The President proclaimed increased rates of duty, brought on by The Trade Agreements Extension Act of 1951, were effective July 28, 1954, on all the categories of watch movements on which the rates had been previously reduced, stating – several of the rates were increased to rates originally provided in The Tariff Act of 1930. Further, this investigation has produced no clear evidence that watch movements are being imported in increased quantities within the meaning of the Trade Expansion Act. The official statistics show that imports of movements in 1959-63, although at a higher level than in earlier years, varied only moderately from year to year in that period but with no discernible trend.
And more – clearly, it is impossible under these circumstances to attribute changes in the volume of imports—whether declines or increases, to the concession rate of duty, which has remained the same. It is equally obvious that changes in the volume of imports have been stimulated mainly by changes in the trade, in the structure of production, and in the business decisions being made by one domestic manufacturer (United States Time Corporation – later known as Timex) which makes some of its parts in its overseas installations for assembly in the United States and elsewhere. Thus, there is no basis for determining in this instance that the trade-agreement concession has been a major influence with regard to the volume of imports.
The Commission summarized that the variations in the level of imports of movements, and parts, stem predominantly from factors other than the trade-agreement concessions as modified in 1954, submitted and signed by Vice Chairman Dan H. Fenn Jr., Commissioner Glenn W. Sutton and Commissioner James W. Culliton.

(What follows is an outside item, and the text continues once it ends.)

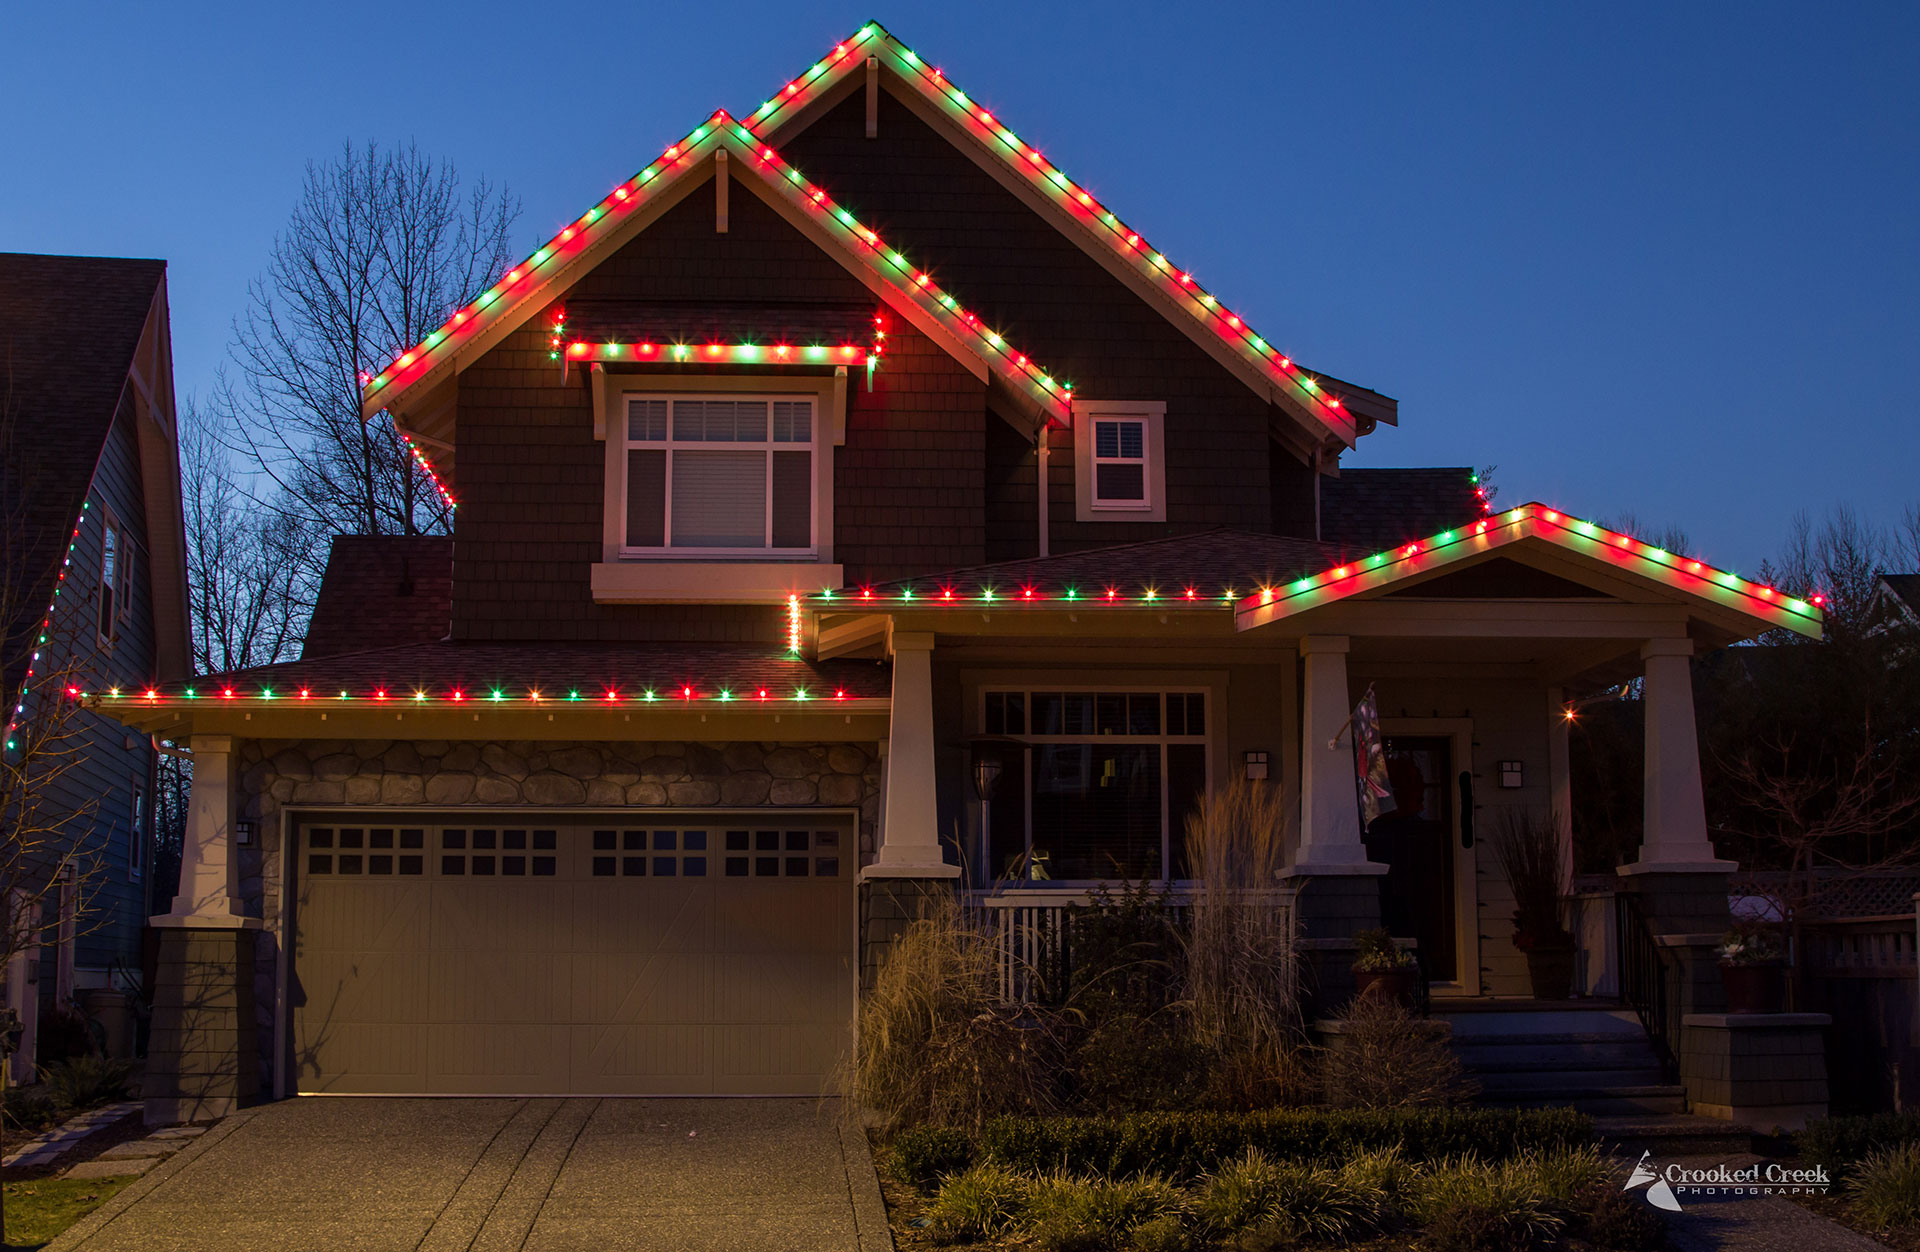 Top 5 Benefits of Permanent Exterior Holiday Lighting for Your Home

The ruling did not help the already struggling American watchmakers still recovering from the U.S. War halt. Waltham closed its factory doors and declared bankruptcy in 1949 – the company went through a series of bankruptcies and restarts under new ownership, with watches and clocks bearing the Waltham name still being made and marketed today. Elgin, once the largest site dedicated to watchmaking in the world, closed their original factory in 1964, discontinued all US manufacturing, in 1968, and sold the rights to the name ‘Elgin’, which were subsequently resold multiple times over the years. The Hamilton Watch Company was sold to the Swiss SSIH, in 1974; now an umbrella brand within The Swatch Group. Bulova, still in operation today has resold multiple times over the years beginning in 1979, and most recently in 2008 when Japanese multinational conglomerate Citizen Watch Company purchased the brand.